Reputation: 3
I face a problem with using SHAP value to interpret a Tree-based model (https://github.com/slundberg/shap).
First, I have input around 30 features and I have 2 features that have high positive correlation between them.
After that, I train the XGBoost model(python) and look at SHAP values of 2 features the SHAP values have negative correlation.
Could you explain to me, why the output SHAP values between 2 features doesn't have the correlation the same as input correlation? and I can trust that output of SHAP or not?
=========================
Correlation between input: 0.91788
Correlation between SHAP values: -0.661088
2 features are
Model Performance
Train AUC: 0.73
Test AUC: 0.71
Input scatter plot (x: Number of families in province, y: Population in province):
SHAP values output scatter plot (x: Number of families in province, y: Population in province):
Upvotes: 0
Views: 1169
Reputation: 59
XGBoost is not a linear model, i.e. the relationship between the input features X and the predictions y is not linear. SHAP values build a linear explanation model of y. Therefore, it is very much expected that the correlation between input features and their SHAP values do not match.
Upvotes: 0
Reputation: 1063
You can have correlated variables that have opposite effects on the model output.
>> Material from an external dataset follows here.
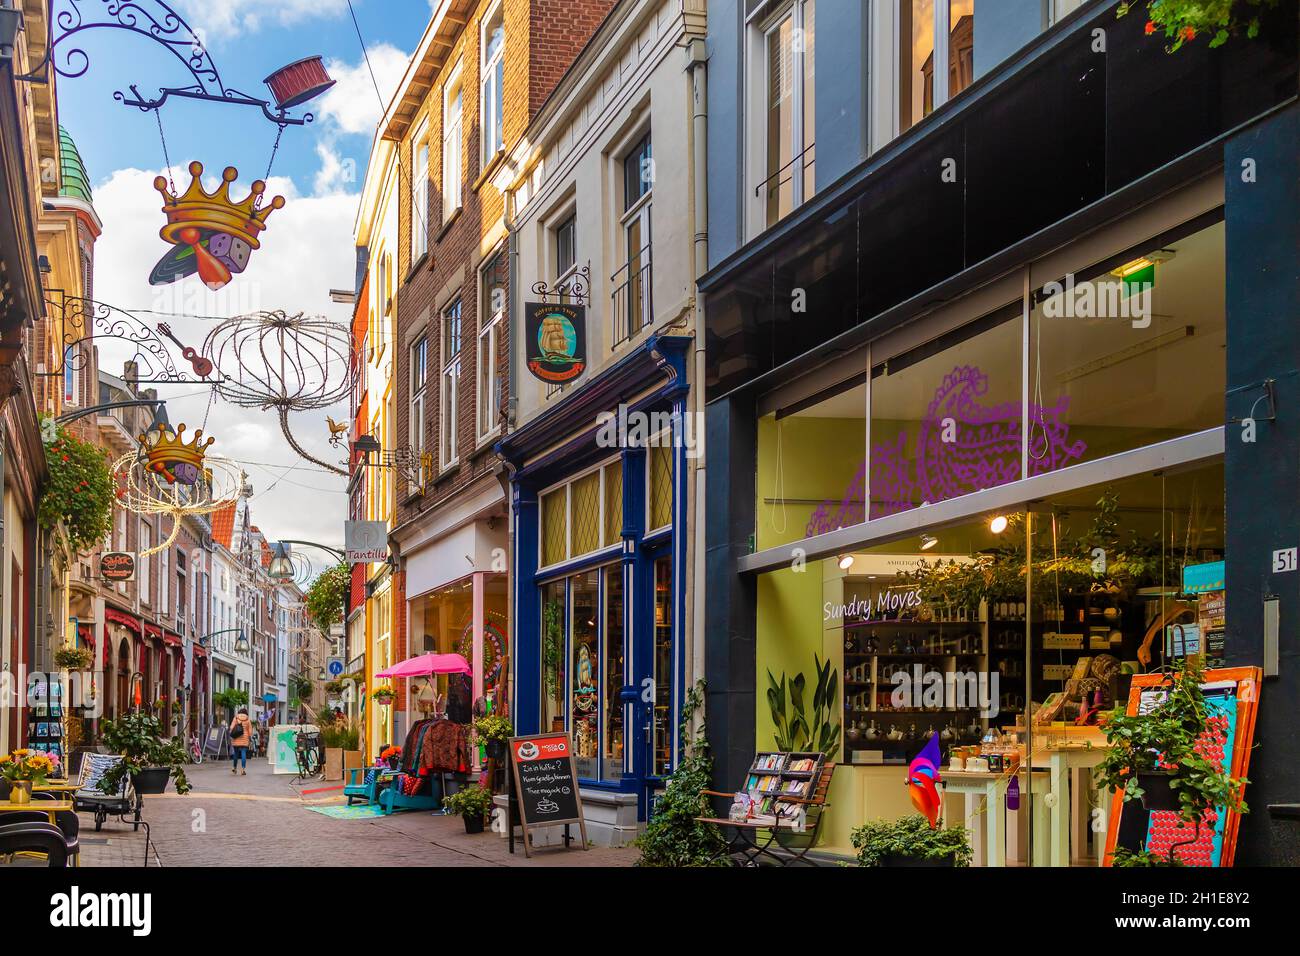 Deventer, pays-Bas - 29 octobre 2019 : rue commerçante colorée avec décoration de noël dans l'ancien centre-ville de Deventer, pays-Bas Banque D'Images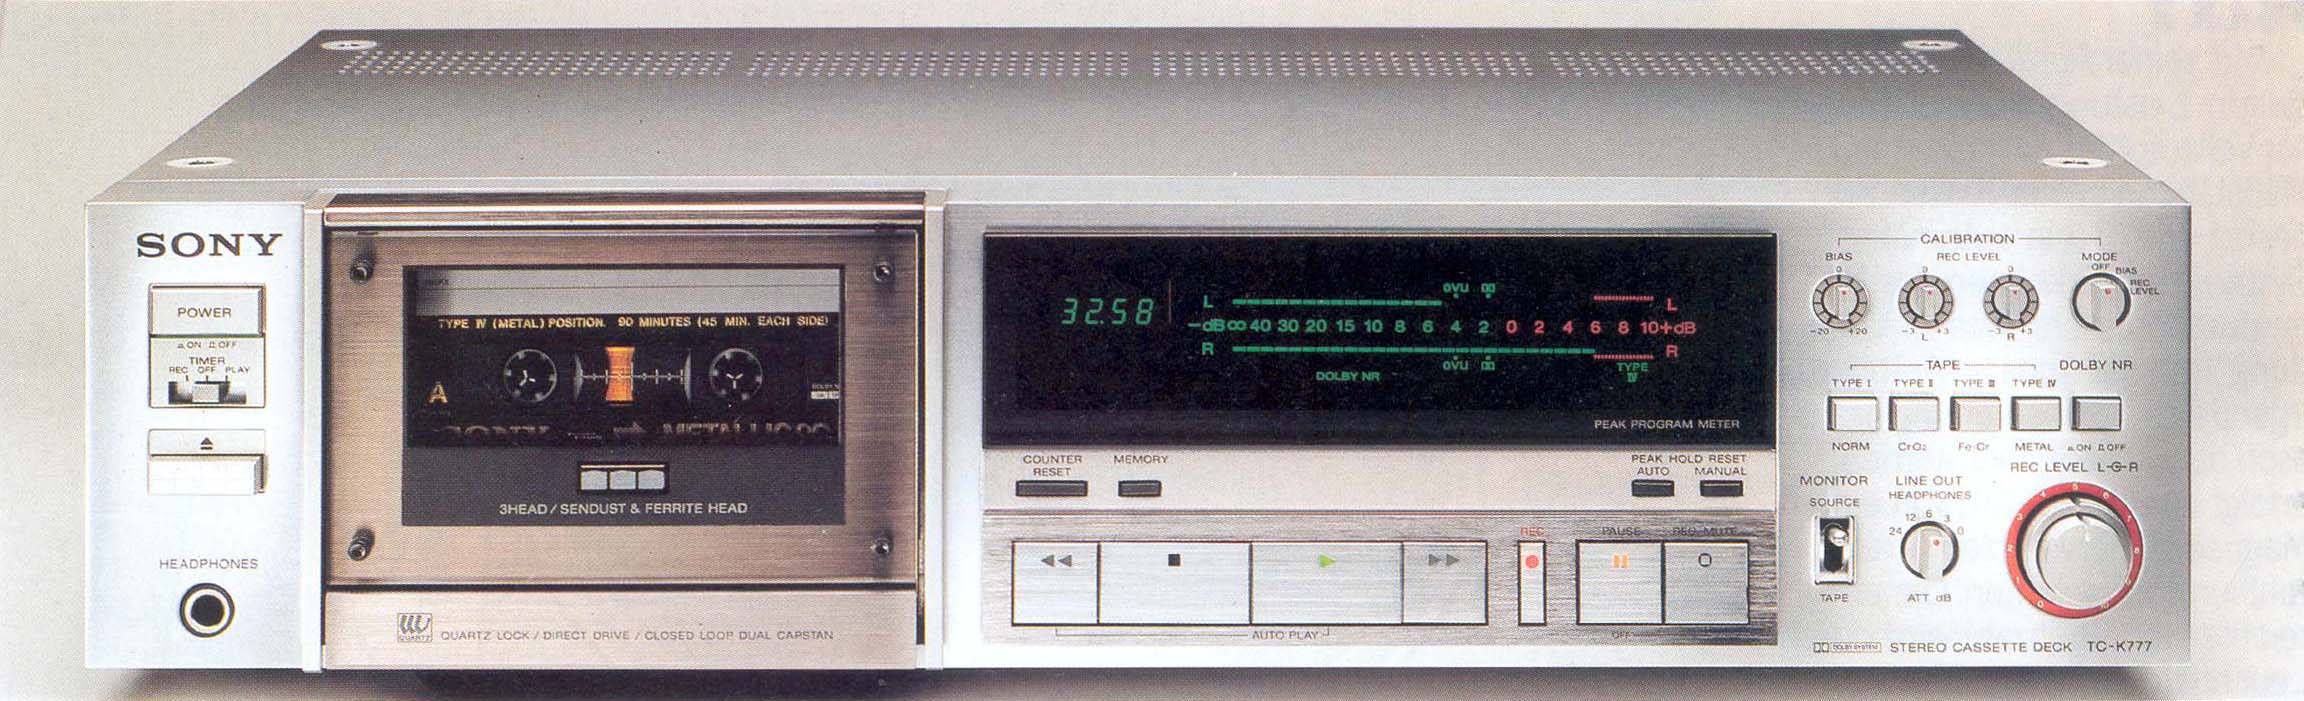 Sony TC-K777ES (mkI)

As an example, let's take the case of predicting risk of mortality given two features: 'age' and 'trips to doctors'. Although these two variables are positively correlated, their effects are different. All other things held constant, a higher 'age' leads to a higher risk of mortality (according to the trained model). And a higher number of 'trips to doctor' leads to a smaller risk of mortality.
XGBoost (and SHAP) isolates the effect of these two correlated variables by conditioning on the other variable: e.g. splitting on 'trips to doctors' feature, after splitting on 'age' feature. Assumption here is that they are not perfectly correlated.
Upvotes: 1